The secret of longevity is in bats

by time news

The key to living longer may be held by a common little bat residing in the US, the great brown bat, which boasts an unusually long life span of up to 19 years. A study led by researchers from the University of Maryland (USA) identifies one of the secrets of the exceptional longevity of this bat: the hibernation.

“Hibernation has allowed bats, and presumably other animals, to remain in northern or very southern regions where there is no food in winter,” explains study lead author Gerald Wilkinson. “Hibernators tend to live much longer than migrants. We knew that, but we didn’t know if we would detect changes in epigenetic age due to hibernation.”

The scientists determined that winter hibernation prolongs the bat’s epigenetic clock – a biological marker of aging – by three-quarters of a year.

In the study, published in the journal “Proceedings of the Royal Society Bon”, in which scientists from McMaster University and the University of Waterloo, both in Ontario (Canada), also participated, small tissue samples taken from the wings were analyzed. of 20 great brown bats (Eptesicus fuscus) during two periods: in winter, when they hibernated, and in summer, when they were active. The bats, kept at a McMaster University research colony, ranged in age from less than a year to just over 10.

Once the samples were collected, changes in DNA methylation – a biological process associated with gene regulation – were measured between samples taken from the same animal during periods of activity and hibernation. They found that changes in DNA methylation occurred at certain locations in the bat genome, and that these locations seemed to affect metabolism during hibernation.

“It’s pretty clear that the sites that decrease methylation in winter are the ones that seem to have an active effect,” says Wilkinson. Many of the genes that are closest to them are known to be involved in regulating metabolism, so presumably they keep metabolism down.”
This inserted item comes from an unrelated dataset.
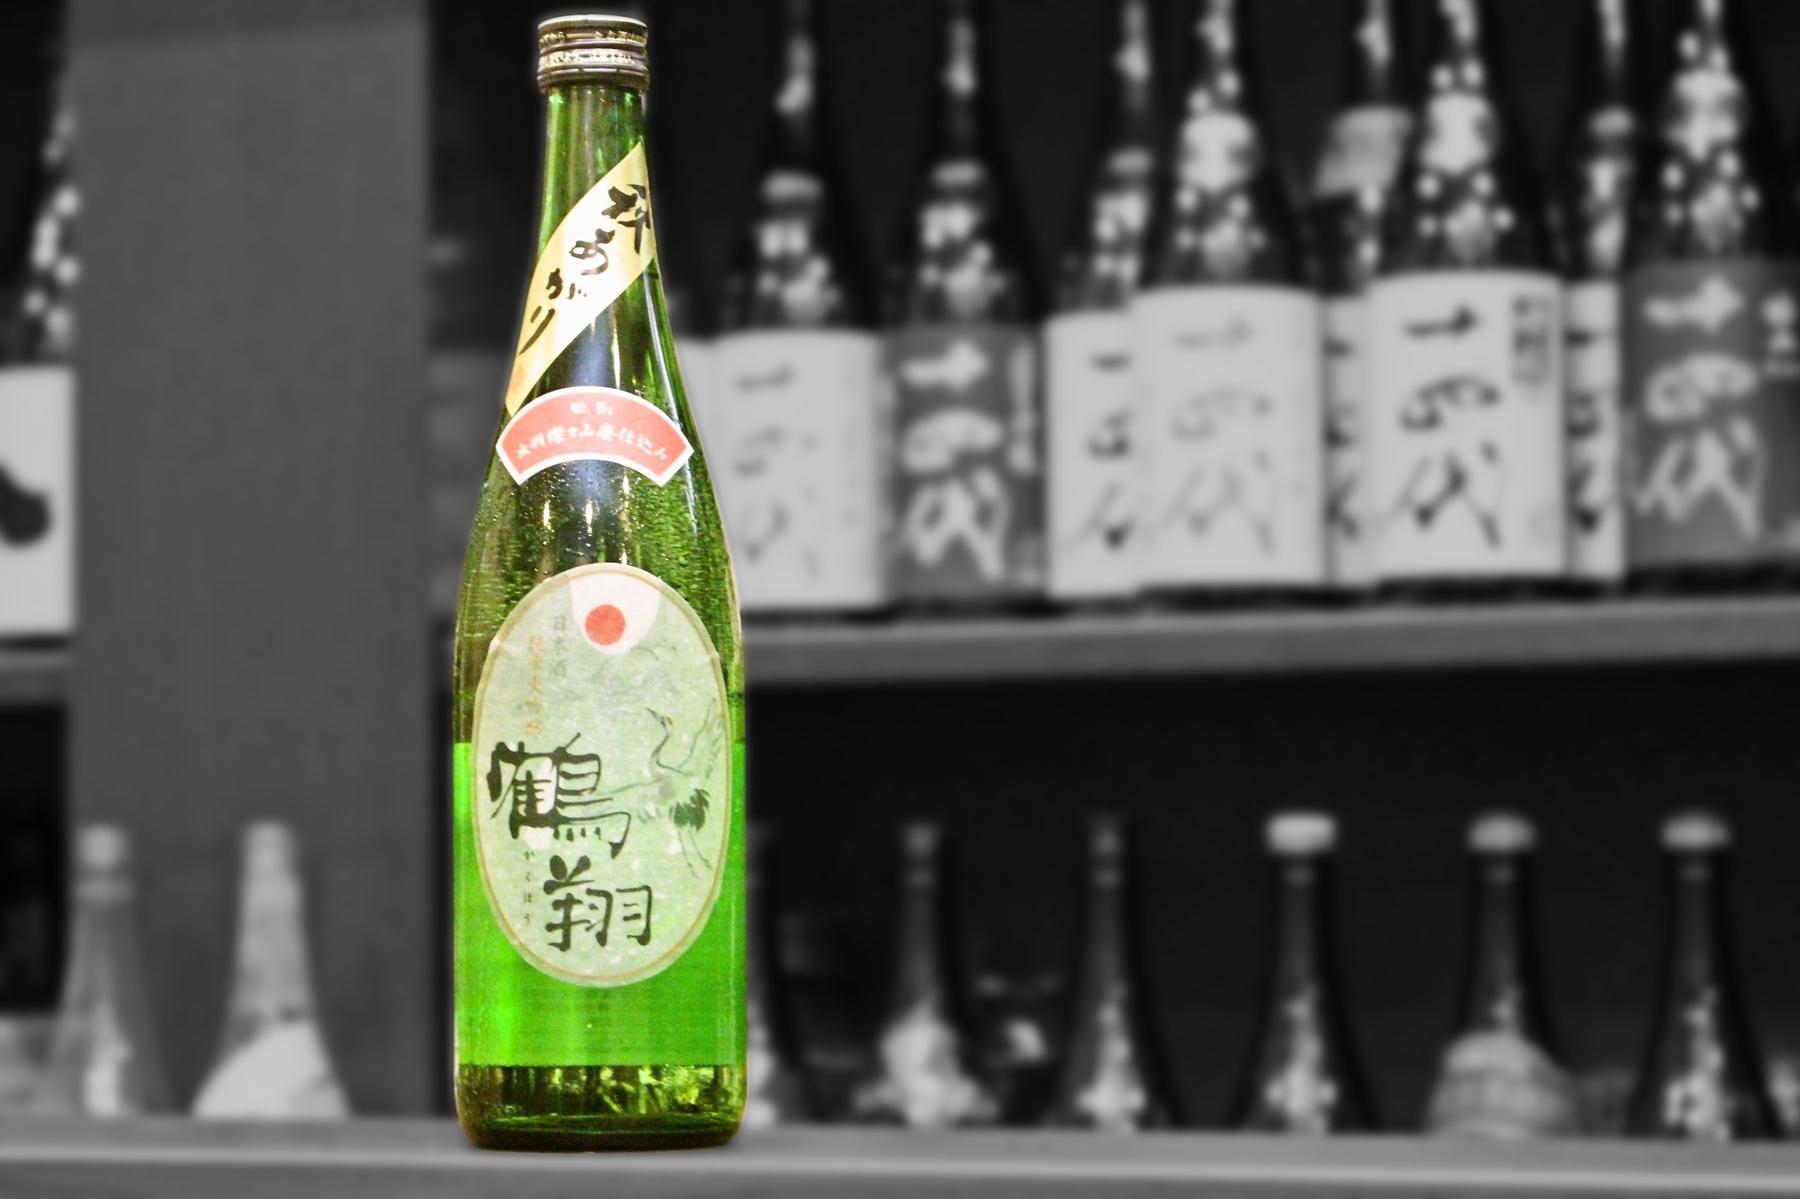 鶴翔山廃純米大吟醸出羽燦々202009-001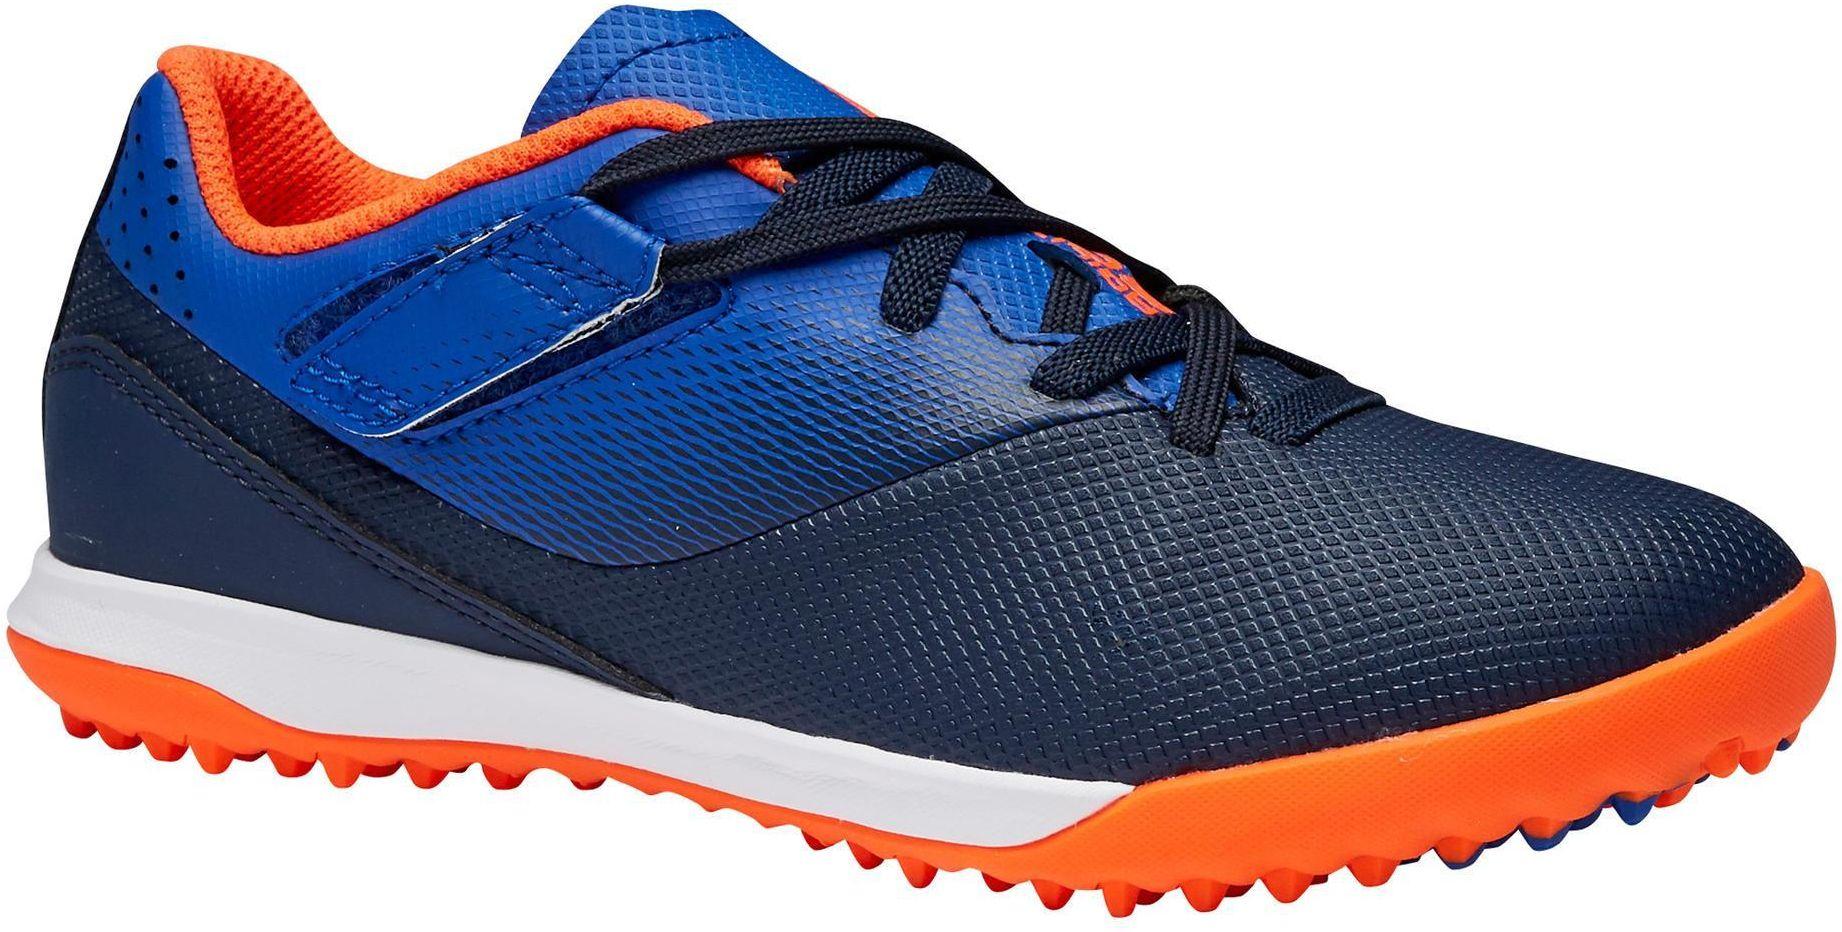 Buty piłkarskie turfy dla dzieci Kipsta Agility 500 HG

Hibernation prolongs the bat’s epigenetic clock by three-quarters of a year

Some of these genes are the same ones that Wilkinson and other researchers identified as “longevity genes” in an earlier study.

Wilkinson points out that there is significant overlap between hibernation and longevity genes, highlighting the relationship between hibernation and life extension.

The earlier study also established the first epigenetic clock for bats, capable of accurately predicting the age of any bat in the wild. That clock was applied to this latest study, allowing the researchers to show that hibernation reduces a bat’s epigenetic age compared to a non-hibernating animal of the same age.

Studies like this one help explain why bats live longer than expected for a small mouse-sized mammal. However, they also raise new questions.

«We still don’t really know why some bats can live a long time and others don’t.Wilkinson says. “We have shown that long-lived ones share the ability to hibernate, or go into torpor frequently. That seems to be a corollary, but it’s not enough because other hibernating rodents don’t live 20 years.”

Wilkinson said he is planning a follow-up study to compare epigenetic aging in great brown bats in Canada, where they hibernate, with the same species in Florida, where they don’t hibernate. With this, Wilkinson hopes to get an even clearer picture of the role that hibernation plays in prolonging life.